6/7/05 Interview w/ George McConnell (MP3 edition)

Widespread Panic Interview
By Aaron Davis

Listen to Planet Jackson Hole's telephone interview with Widespread Panic guitarist, George McConnell - recorded June 7, 2005.

Part 1 - 5.2 mb

Part 2 - 5.8 mb

Part 3 - 4.8 mb


June 2000 Interview w/ George McConnell

Panic Striken
by Jim Urbanek

George McConnell didn’t just fall off the beer truck. He got off intentionally. When he was in high school, McConnell (BA 86) quit working for his dad’s beer distributorship in Vicksburg to pursue an interest in music that was quickly becoming a passion. It was his brother, Bob, who encouraged him, and 25 years later McConnell is living his dream as a guitarist and vocalist for one of the most famous “jam bands” ever, Widespread Panic.

Though the Atlanta-based band has been touring for nearly 20 years, McConnell has been with the group only since 2002, beginning as a temporary replacement after original guitarist and singer Michael Houser became ill. Houser died as a result of complications from pancreatic cancer in August 2002.

“I’d known the guys since we were in bar bands,” McConnell says of the group, which today also includes John Bell on vocals and guitars; John “JoJo” Hermann on keyboards and vocals; Todd Nance on drums; Domingo S. Ortiz on percussion; and Dave Schools on bass. “I didn’t really know them that personally, but [Houser’s death] appeared to be a sad, terrible shock to everybody.”

Though he’s the first to say no one can replace Houser, McConnell was excited and grateful when the band invited him to stay. His transition was smooth and met with hospitality appropriate to their many years of friendship.

There was life for McConnell before Widespread Panic, however. He started the Oxford band Beanland with Bill McCory (BBA 87) in the early ’80s after they met in an orientation line at Ole Miss.

“In the early days of Beanland, we would come and open for those guys [Widespread Panic] at the Cotton Club [in New York],” McConnell says.

Current Widespread Panic keyboardist Hermann was also a friend from McConnell’s Ole Miss days and played with Beanland in the late ’80s and early ’90s.

“By then Beanland had turned into an electric band with a drummer, bass player and everything,” McConnell says. “So we’re a four-piece band, and we heard about this guy who was always playing that old, raggedy, out-of-tune piano in the Hoka. We went down there to hear this guy, and he was playing old ragtime stuff; Scott Joplin, a lot of Professor Long Hair, Jellyroll Morton and that kind of stuff. We were like, ‘Wow, who is this guy?’”

Beanland recorded a couple of records before Hermann joined Widespread Panic in 1991. After Hermann left, McConnell opened Django’s Guitar, a store on the south side of the Square in Oxford, and played in the Kudzu Kings band.

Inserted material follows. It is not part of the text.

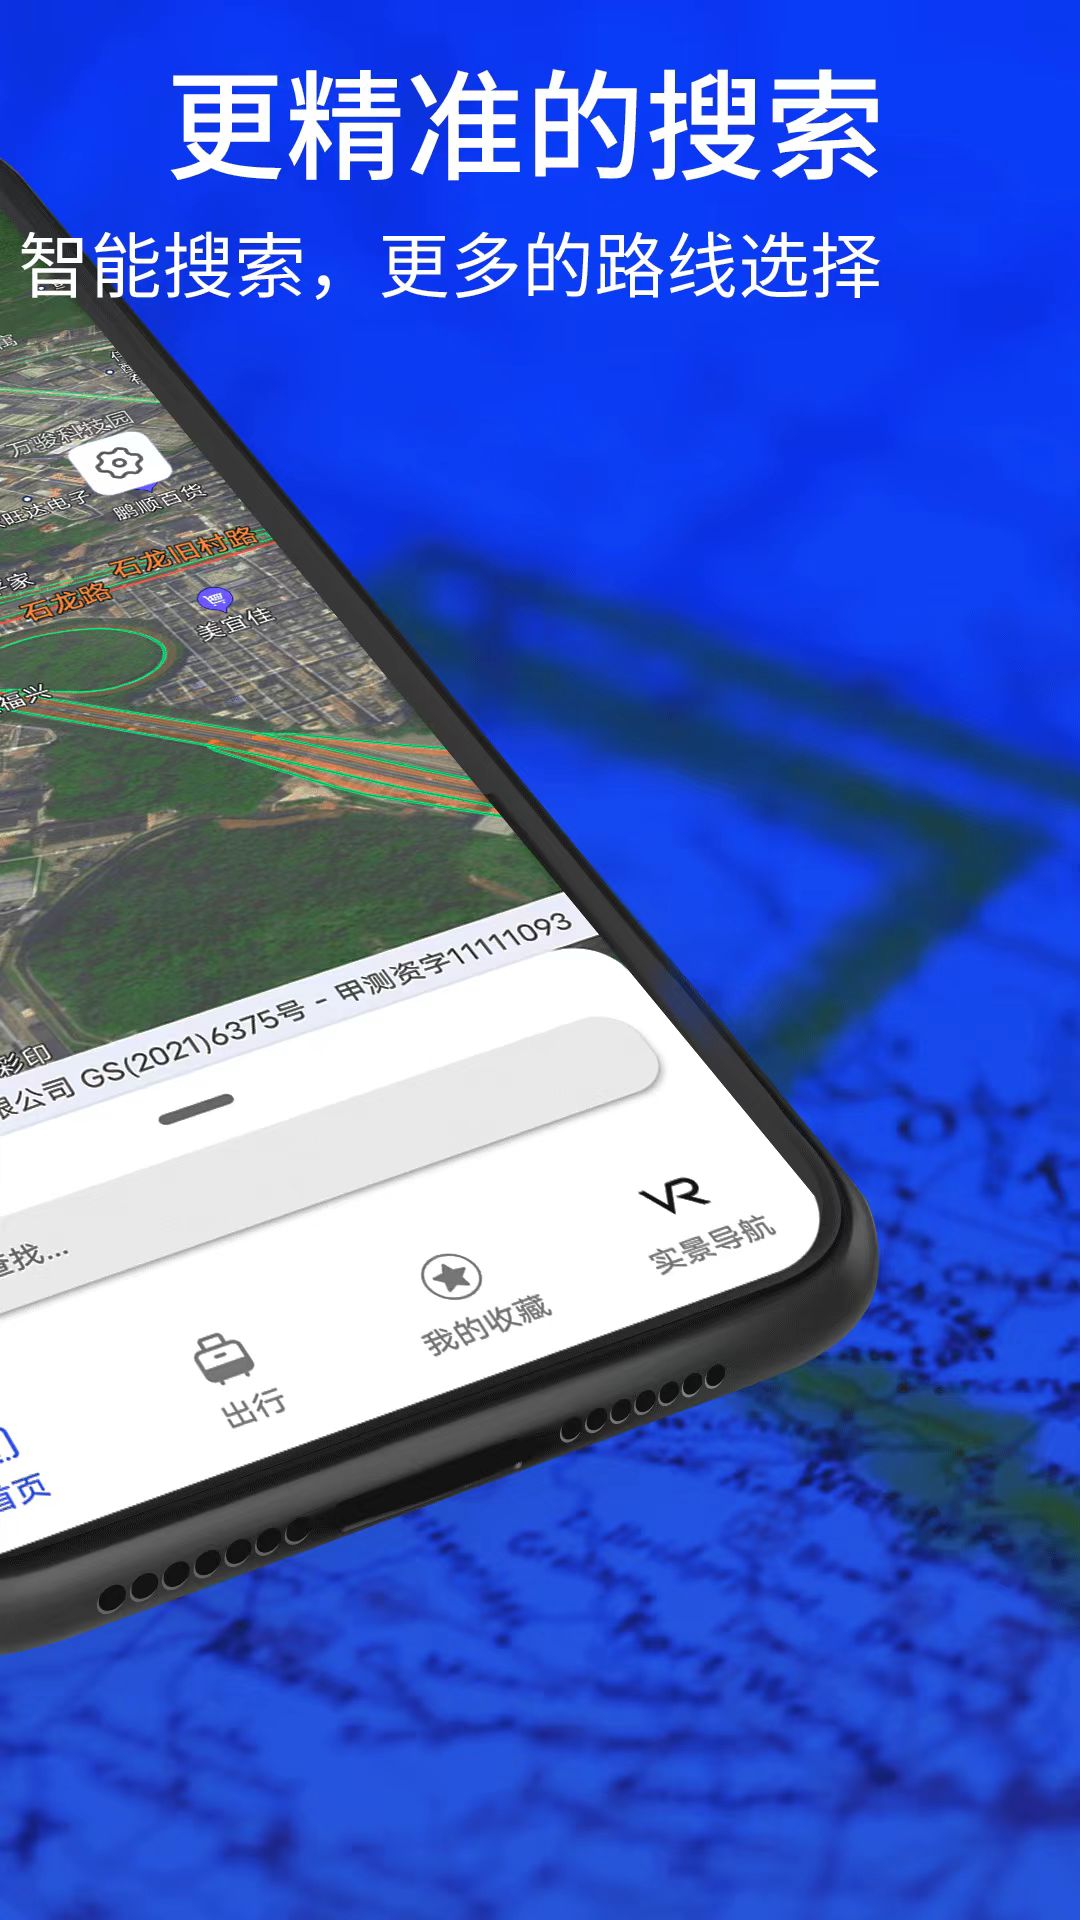 3D实景导航地图app最新版图2:
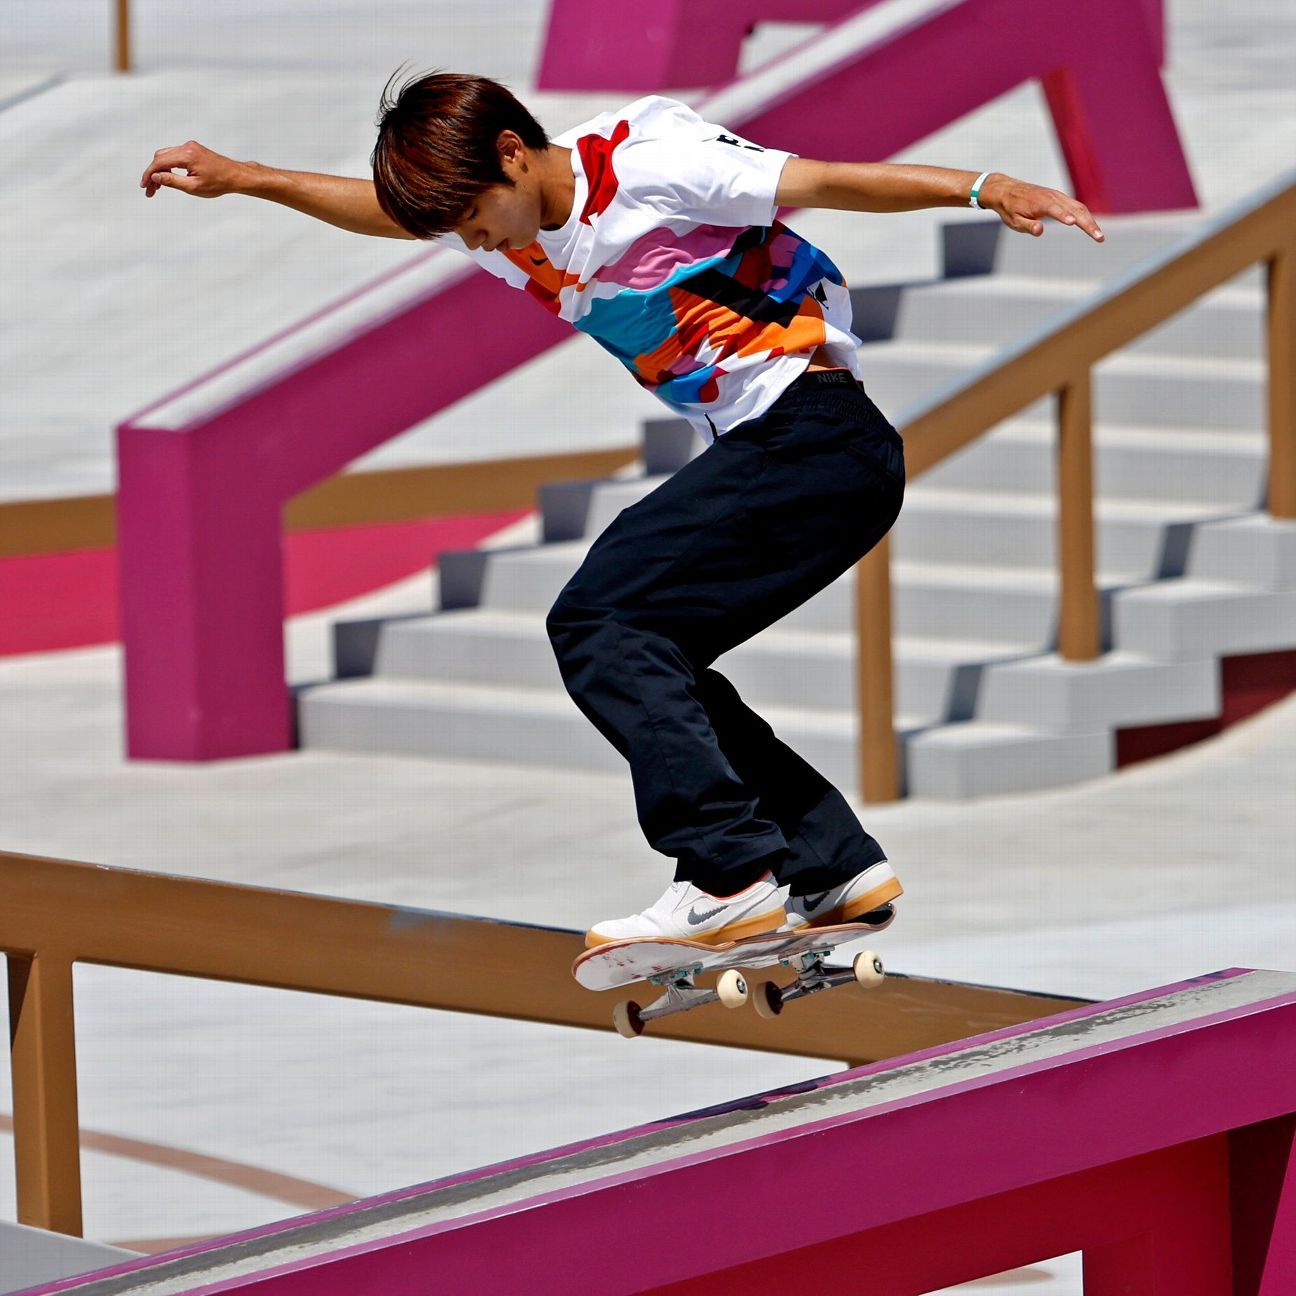 Japan's Yuto Horigome wins Olympics' first-ever skateboarding gold medal - ESPN

The guitarist says he felt like a kid in a candy store when the call came from Widespread Panic and he began touring with the band.

"I’d never been on a big bus before,” he says. “I’d never been at any of these big places, and we were playing sold-out shows all over the country. We played two sold-out shows in Madison Square Garden.”

McConnell says the day-to-day grind of being on the road, in the bus, in and out of hotels, and waking up not knowing where you are is balanced by the fact that the band is such a good group of guys.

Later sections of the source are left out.